Sugary snacks made up of simple carbohydrates are commonly presented as evidence to back up the claim of carbohydrates being the “main culprits” of the obesity epidemic, usually with a reference to their insulin-spiking effect if eaten in excess.
The charge against simple carbohydrates is usually made without also citing the benefits of complex carbohydrates in vegetables and whole grains. Complex carbohydrates such as leafy green vegetables, fresh fruit and beans have a high nutrient density level that is especially vital for anyone looking to lose weight healthily and sustain that weight loss.

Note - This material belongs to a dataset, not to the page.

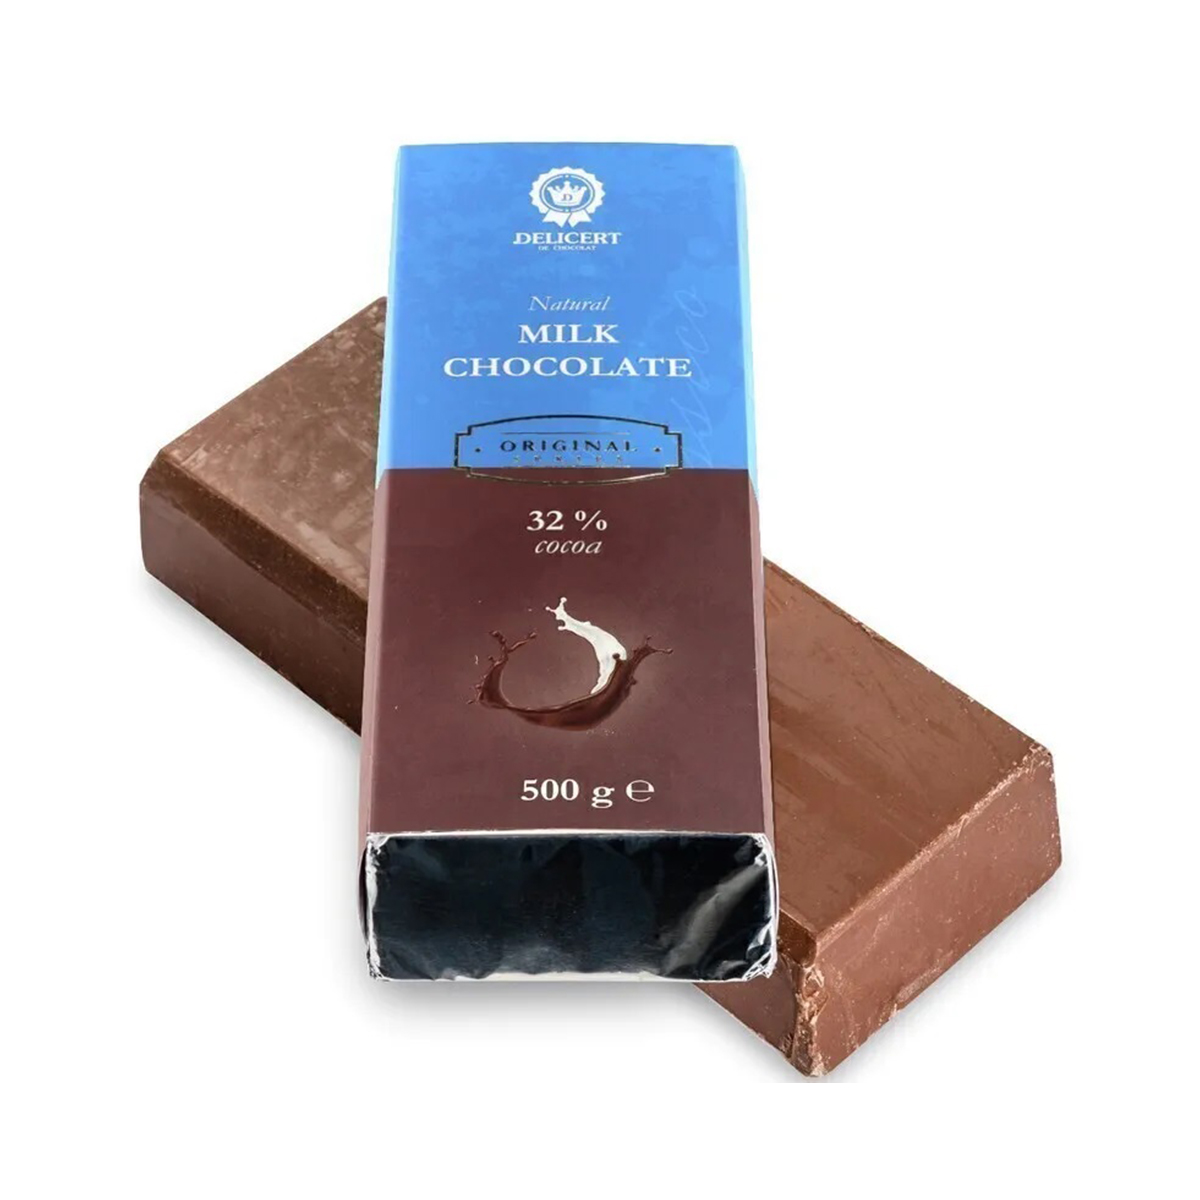 Шоколад 500 гр. Delicert шоколад. Шоколад Delicert молочный. Натуральный шоколад. Молочный шоколад плитка.

Despite the popular implication that carbohydrates have an antagonistic relationship with protein, carbohydrates are actually useful for sparing more of the protein that you can actually use. Carbohydrates in your muscles and liver are your body’s main fuel source during the highest levels of physical activity.
Without sufficient carbohydrate stores, your muscle contraction quality, central nervous system health, and overall exercise performance will suffer; this will make it almost impossible to maintain the levels of activity you’ll need to realistically achieve your weight loss goals.
Protein gets heavily promoted as a “panacea” for every kind of health benefit that you could imagine, and it’s safe to say that calling some of these claims gigantic overstatements would be an understatement.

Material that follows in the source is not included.